A vector is a sequence of numbers that encodes some useful information about whatever it is one wants to represent. We are all familiar from secondary school maths with 2-dimensional vectors like coordinates. A coordinate like (2, 3) might represent a location in space, and might encode information about how to reach the location -- move 2 steps to the right and 3 steps forwards.
Vectors can have any number of dimensions. In NLP, often vector representations of linguistic items have 100s of dimensions, and just as coordinates can encode information about how to arrive at a location, NLP vector representations can encode information about the meaning of linguistic items
How are embeddings made to encode useful linguistic information? This is where the design of the neural network generating embeddings comes in. Neural network architecture, training procedure and training datasets are all carefully designed to enable production of useful linguistic embeddings.
Word2Vec is a small neural network developed by researchers at Google in 2013. Their paper detailing Word2Vec can be found here.
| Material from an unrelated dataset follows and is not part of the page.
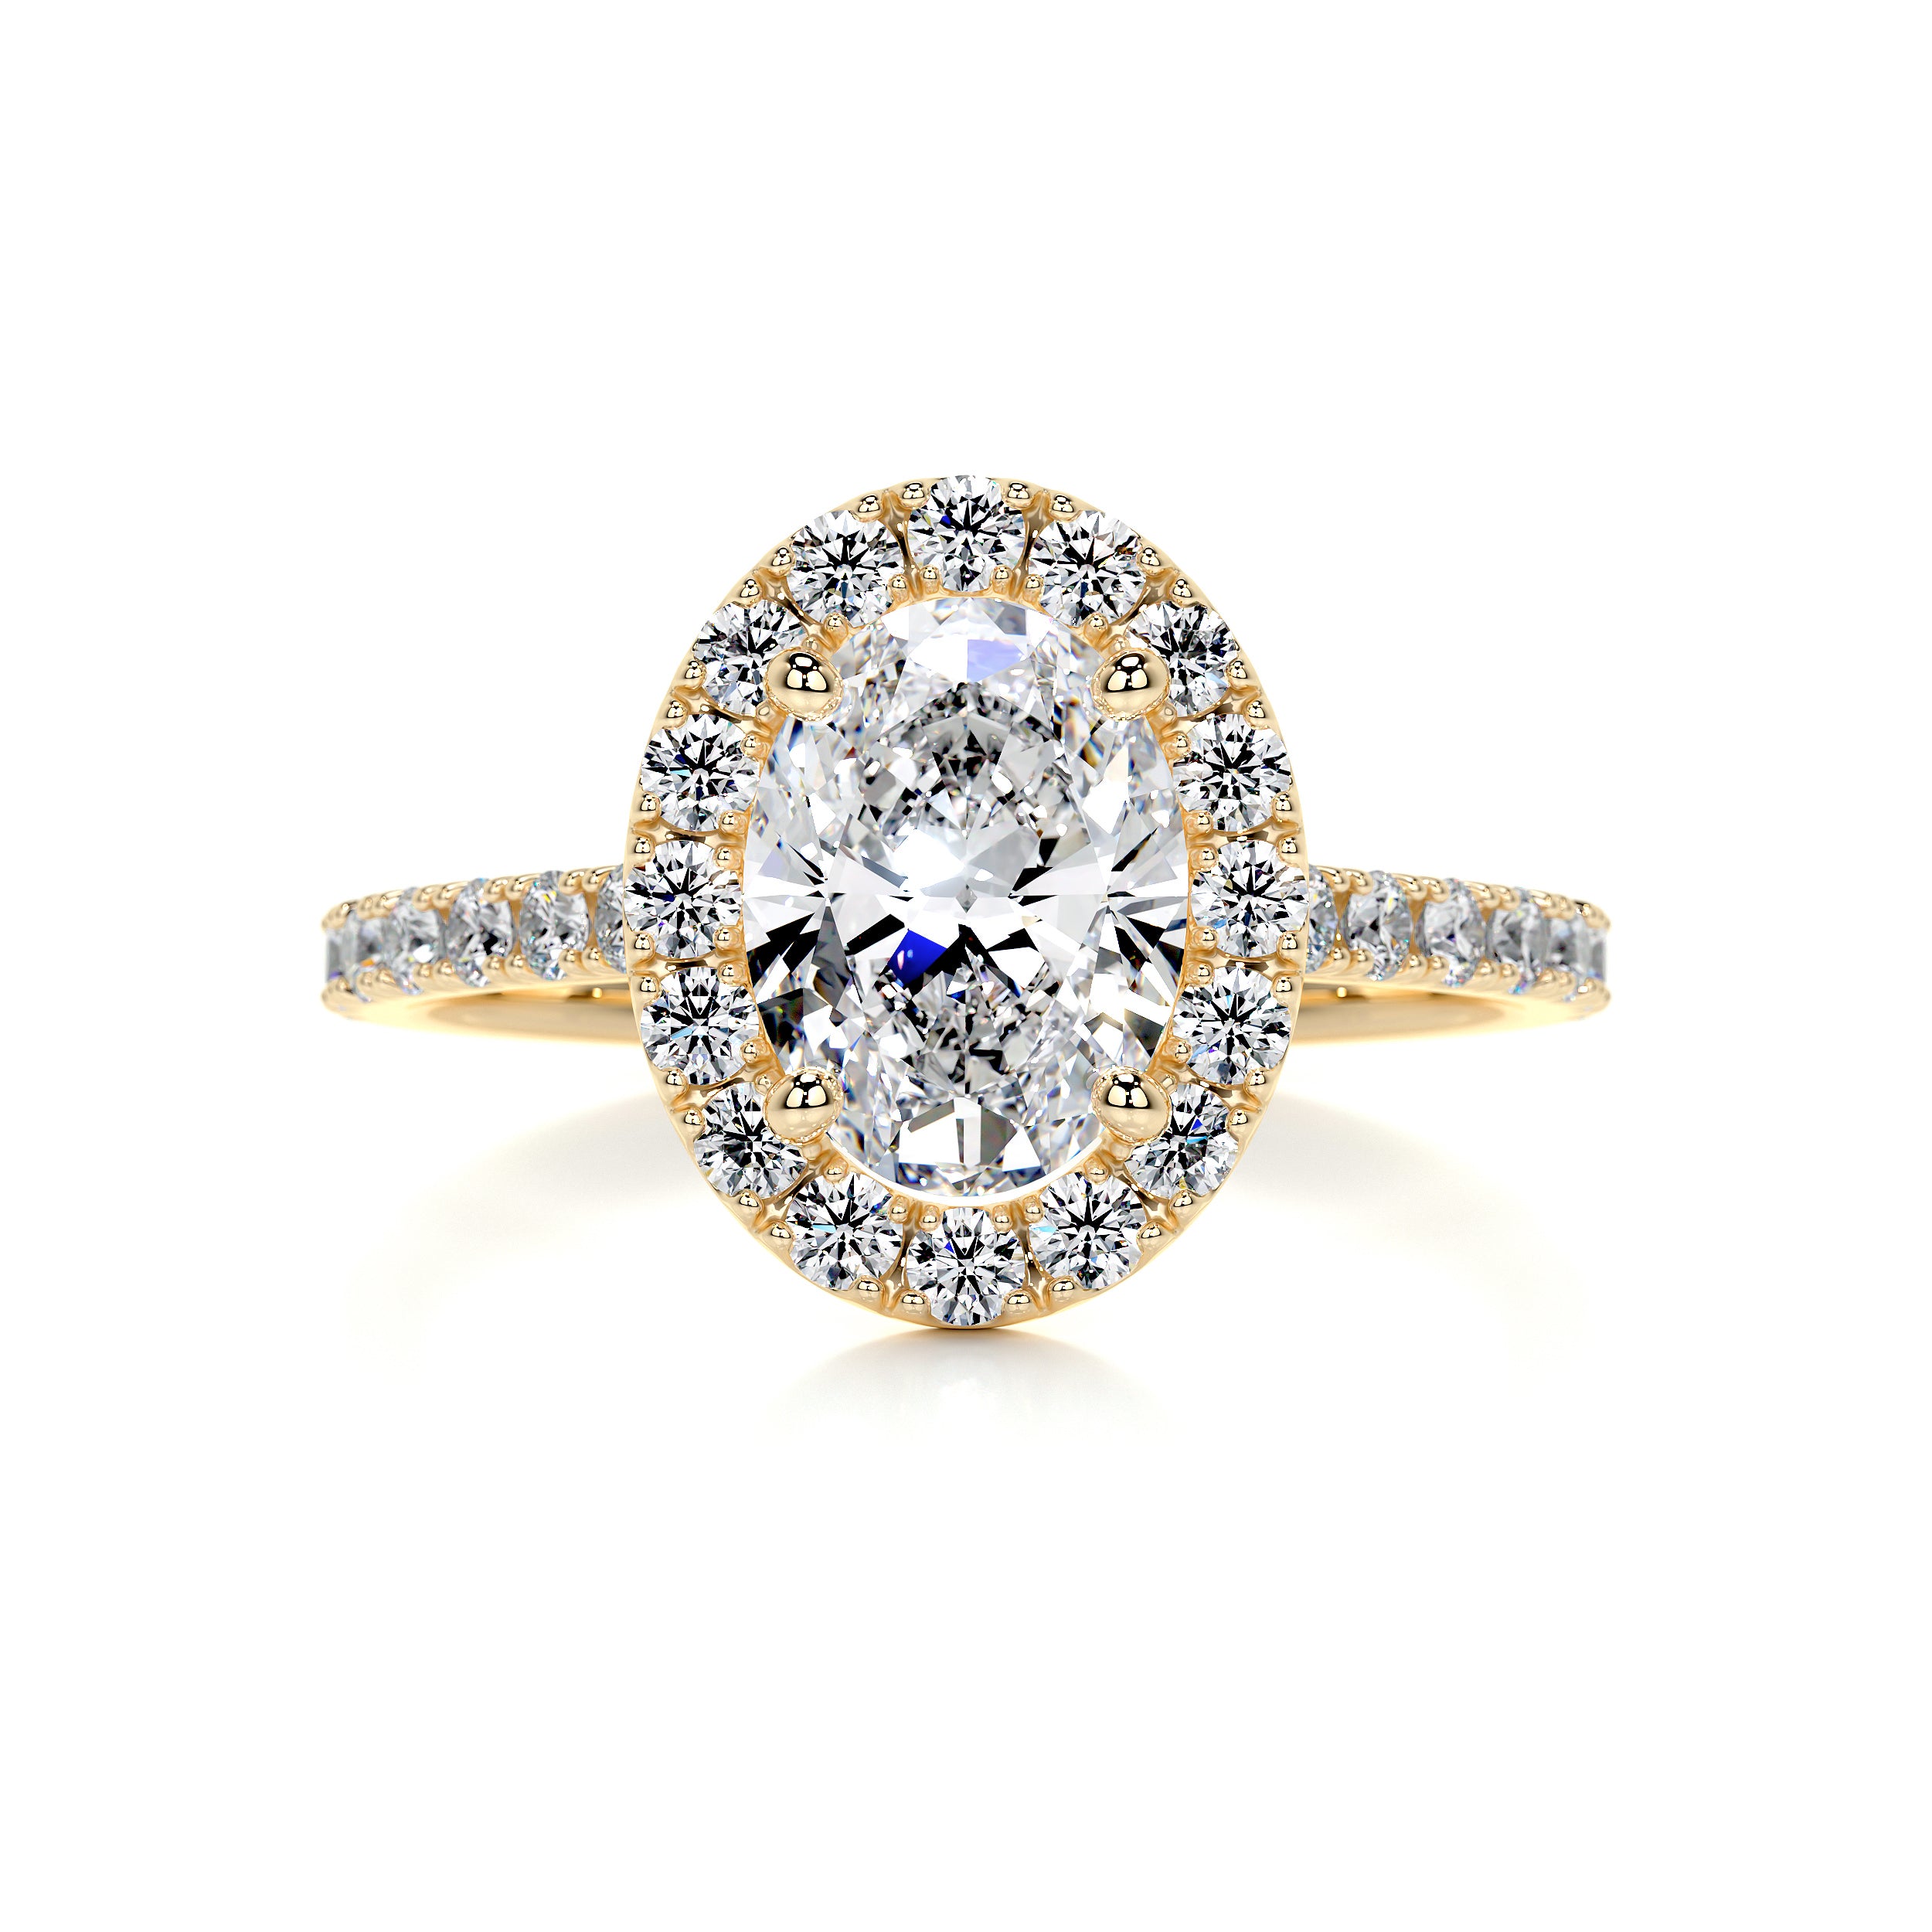 Maria Diamond Engagement Ring - 18K Yellow Gold

Word2Vec produces word embeddings -- embedding representations of words. Word embeddings are sometimes called static embeddings in order to distinguish them from embedding representations of word occurrences or tokens. We will train a Word2Vec model on the Gutenberg dataset and then play around a bit with the word embeddings produced through this training.
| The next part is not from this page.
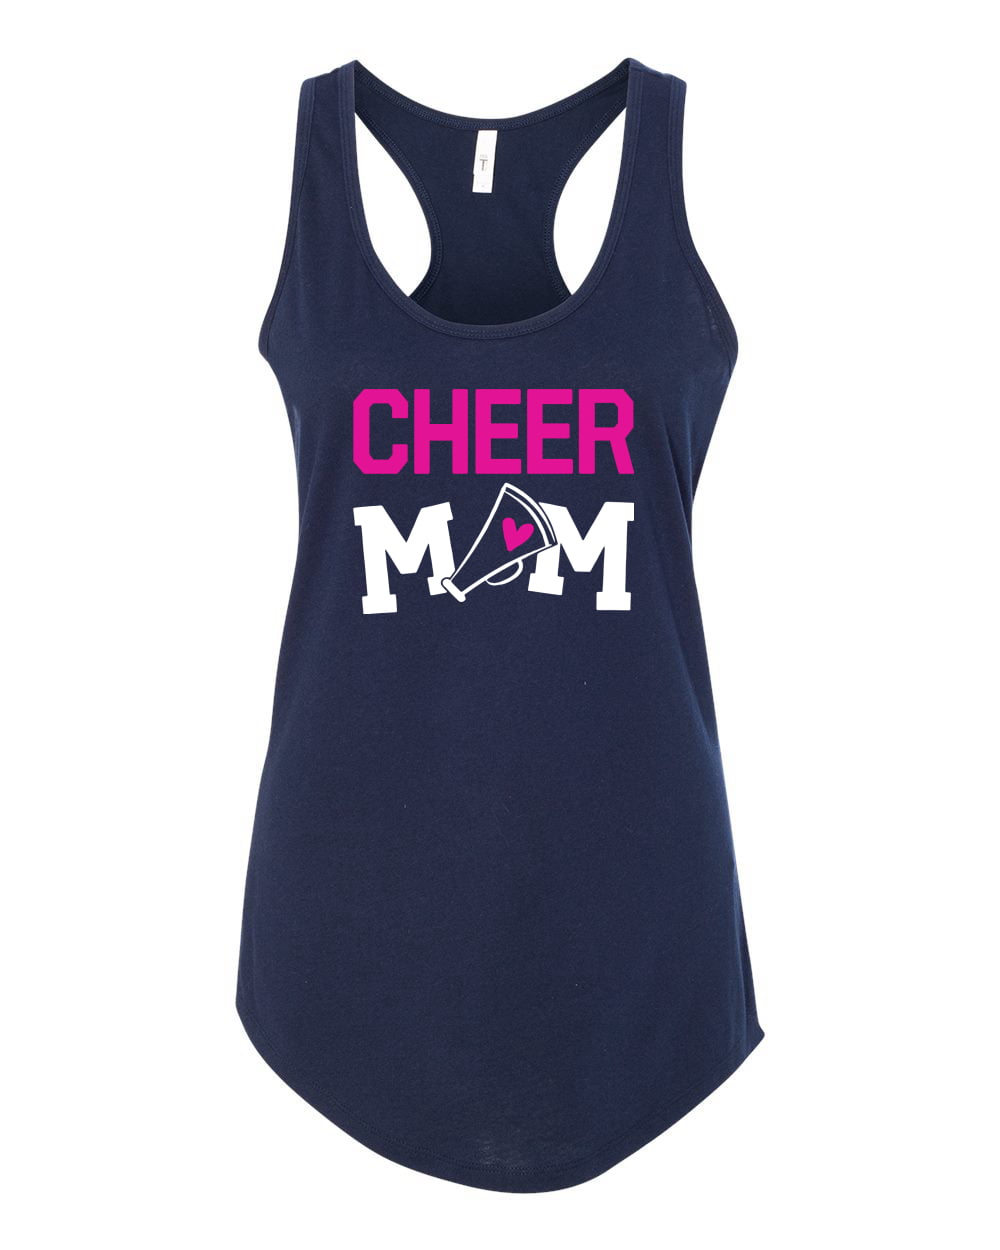 Cheer Mom Kids Super-Fan Love Pink Heart  Womens Sports Jersey Racerback  Tank Top, Navy, Small

To get started with Word2Vec, make sure you have navigated into your Python project directory and have activated your virtual environment:
#### navigate to the directory containing your virtual environment
cd C:\Users\YourUsername\Documents\Projects\your_python_project
#### activate your virtual environment
#### Mac/Linux
source env1/bin/activate
#### Windows
env1\Scripts\activate
Then make sure you have installed the gensim
package:
pip install gensim
Now, we will create a new script static_embeddings.py
:
import nltk
nltk.download('punkt')
nltk.download('stopwords')
from nltk.corpus import stopwords
from nltk.tokenize import word_tokenize
import re
from gensim.models import Word2Vec
import gensim
import json
import os
def main():
pass
if __name__ == '__main__':
main()
All we've done so far is set up the proper layout of the script and imported all the packages we will need. The packages from nltk
and re
will enable us to conduct preprocessing. The packages from gensim
give us a Python implementation of Word2Vec. Finally, json
and os
allow us to load/save JSON files and create/manage directories. Run this script to see if all packages get imported successfully.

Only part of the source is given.